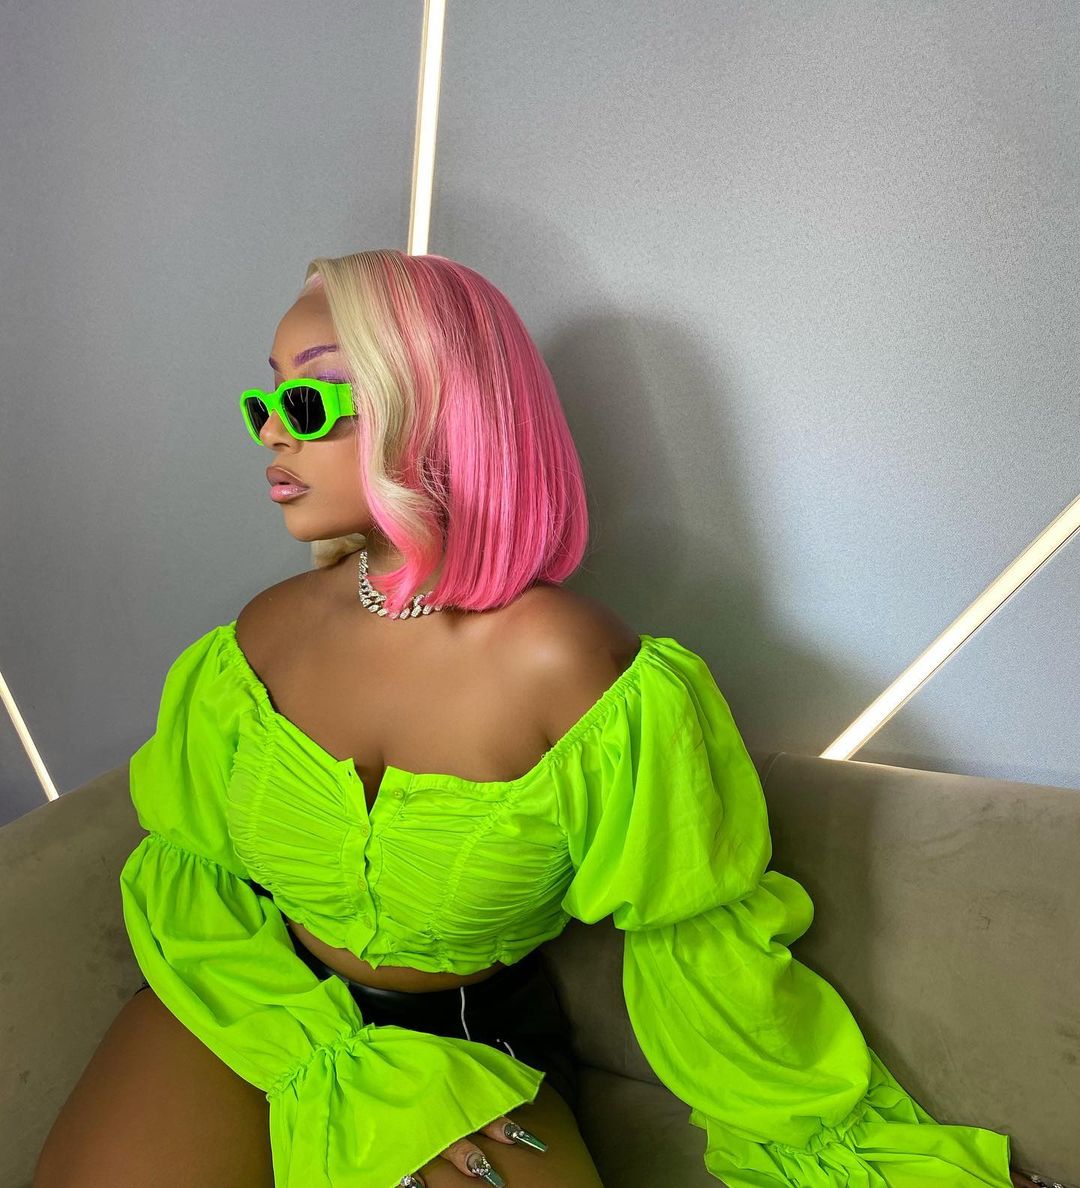 Stefflon Don wearing lime green crop top and sunglasses
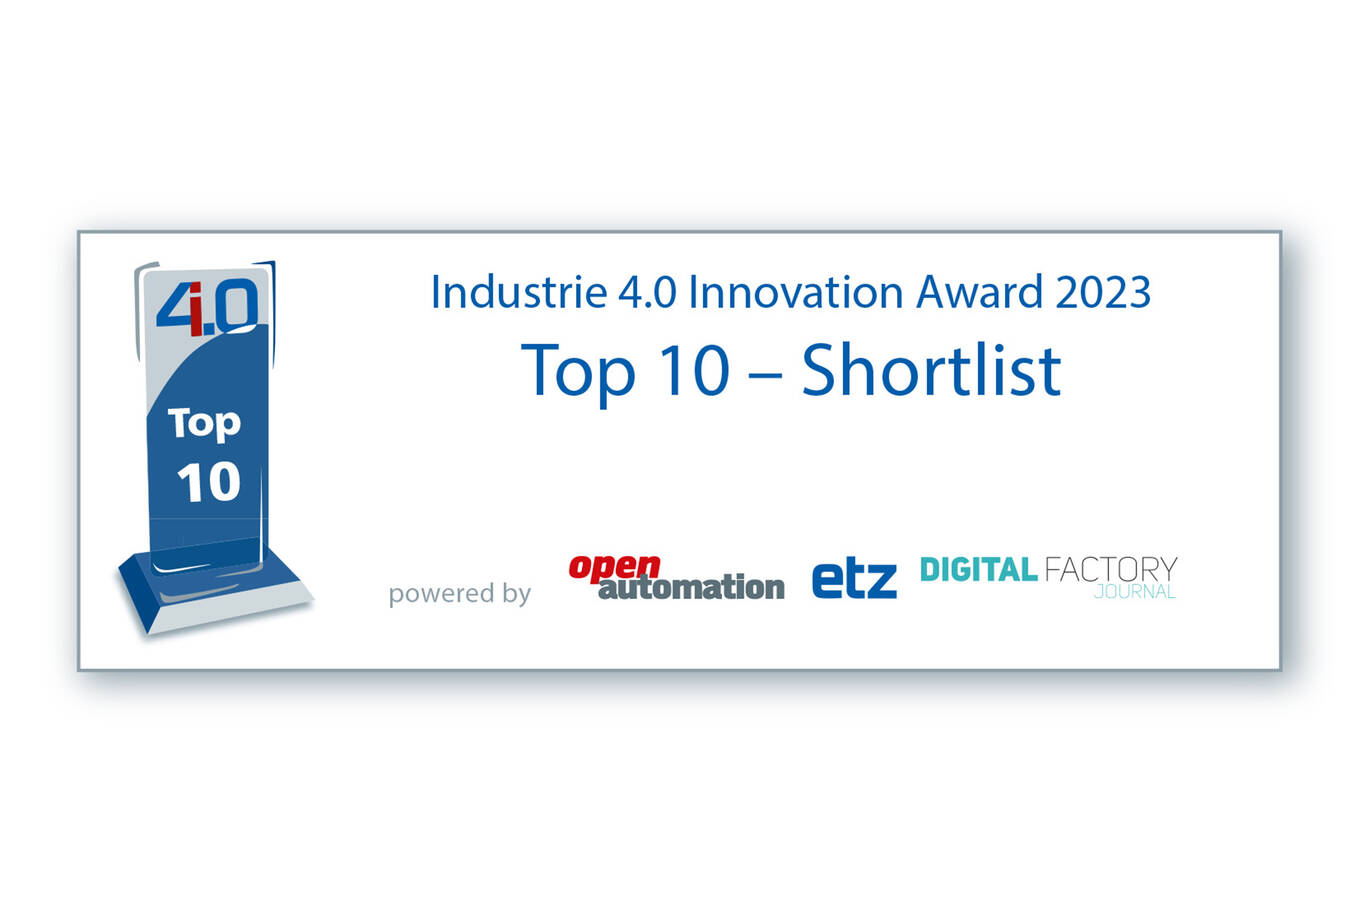 Opdenhoff  nominated for Industry 4.0 Innovation Award 2023 We are thrilled and honored to have been nominated for the Industry 4.0 Innovation Award 2023. Please support OPDENHOFF efficiency .now and our product OPDPRO.CARE by casting your vote.
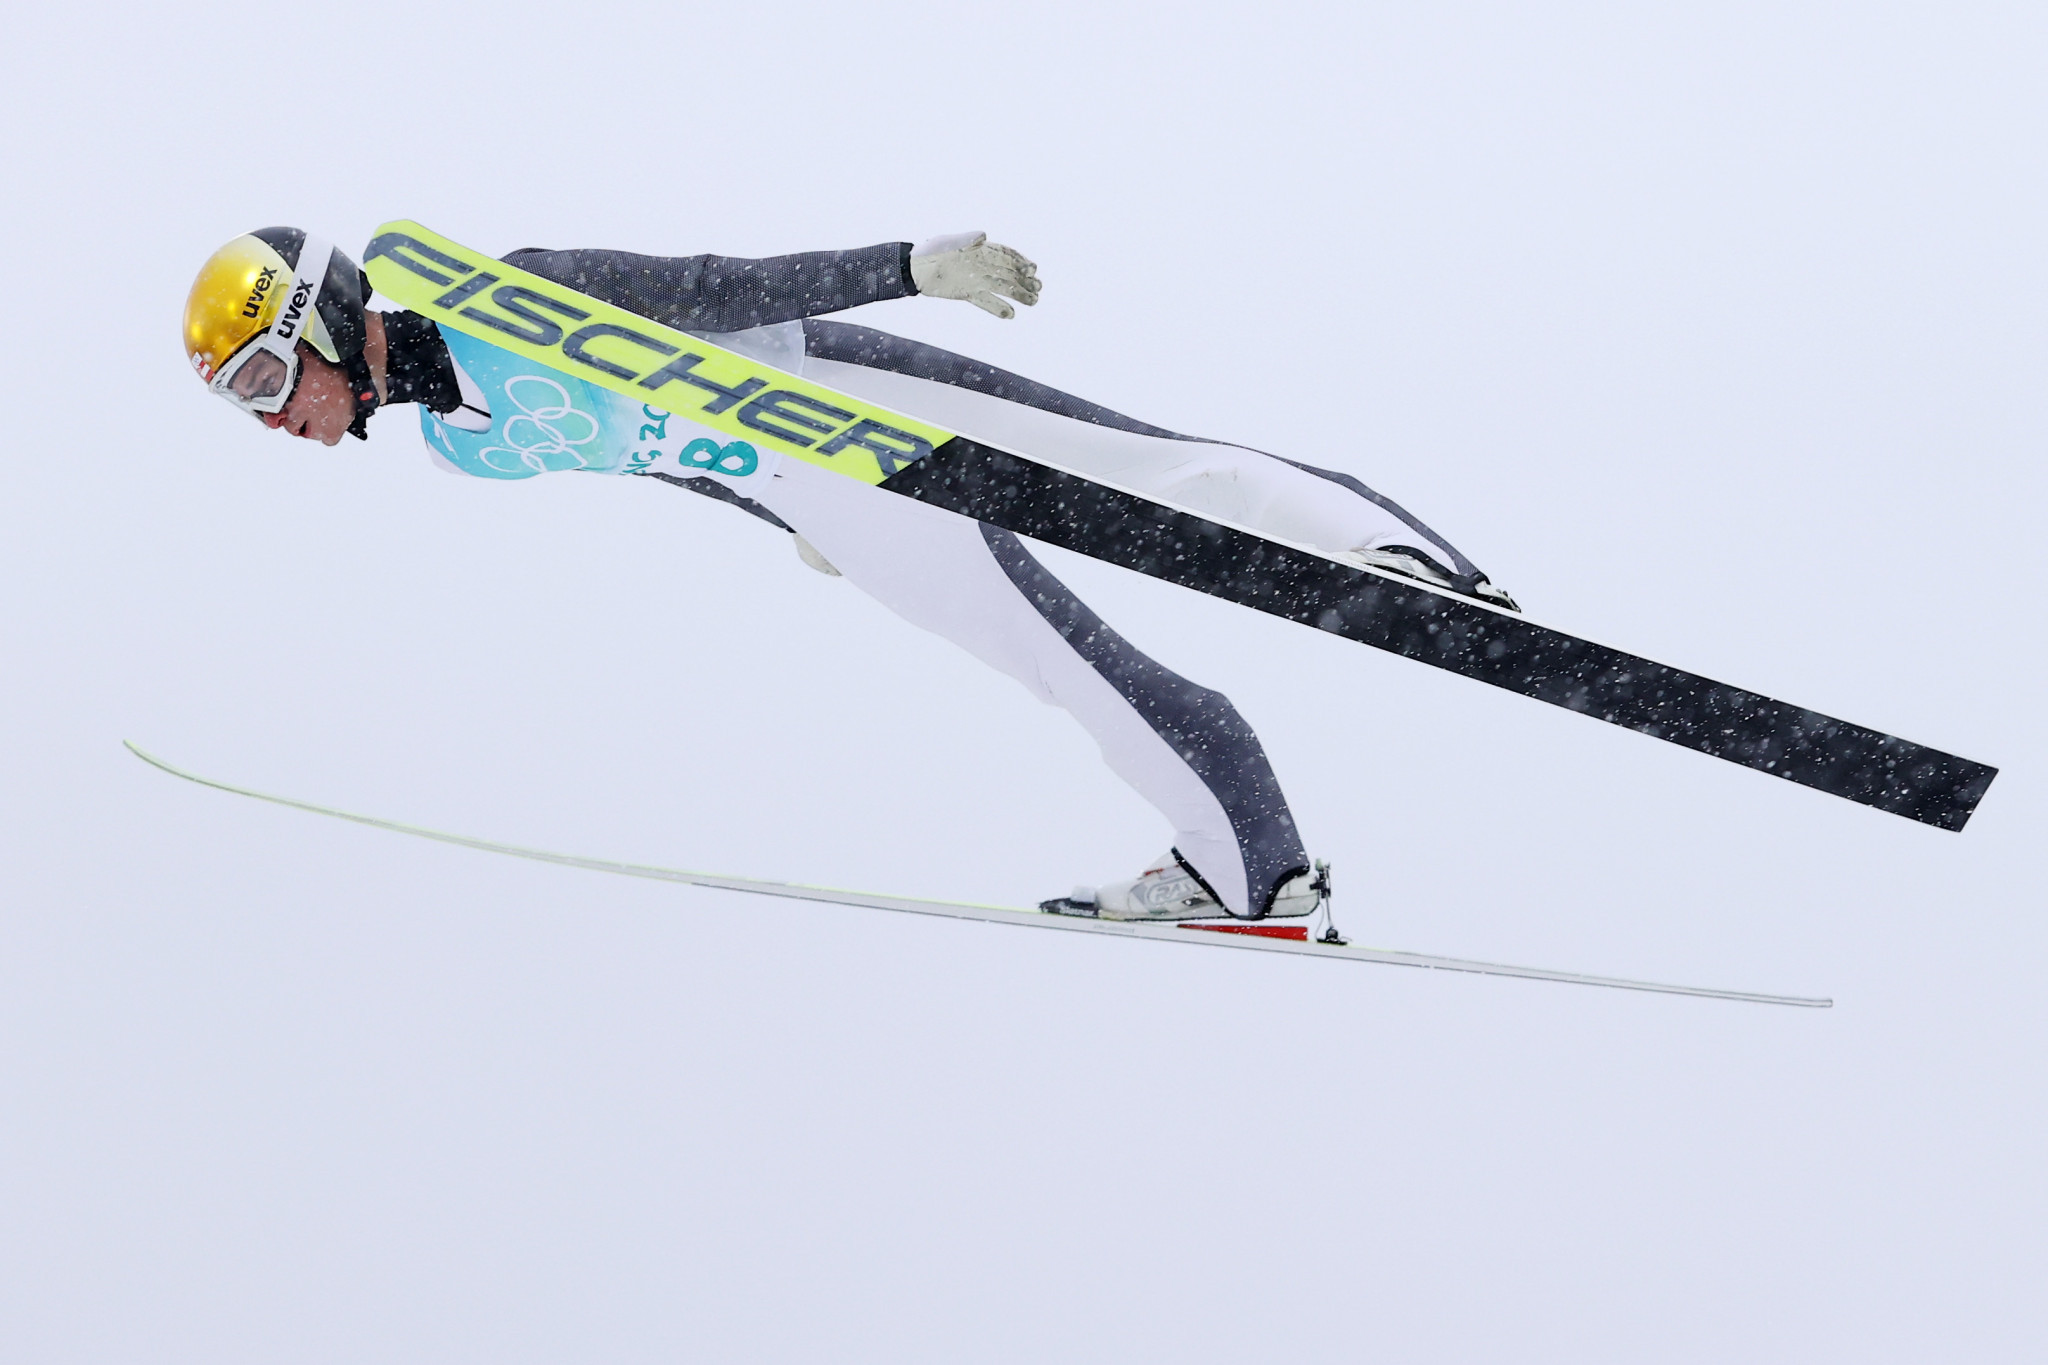 Johannes Lamparter won the men's Nordic Combined World Cup in Seefeld ©Getty Images

Your task
Please reproduce nothing but the lines from the one containing "casting your vote." through the closing line of the listing, retyped word for word, pictures excluded.

Task solution
 Opdenhoff  nominated for Industry 4.0 Innovation Award 2023 We are thrilled and honored to have been nominated for the Industry 4.0 Innovation Award 2023. Please support OPDENHOFF efficiency .now and our product OPDPRO.CARE by casting your vote.
 Johannes Lamparter won the men's Nordic Combined World Cup in Seefeld ©Getty Images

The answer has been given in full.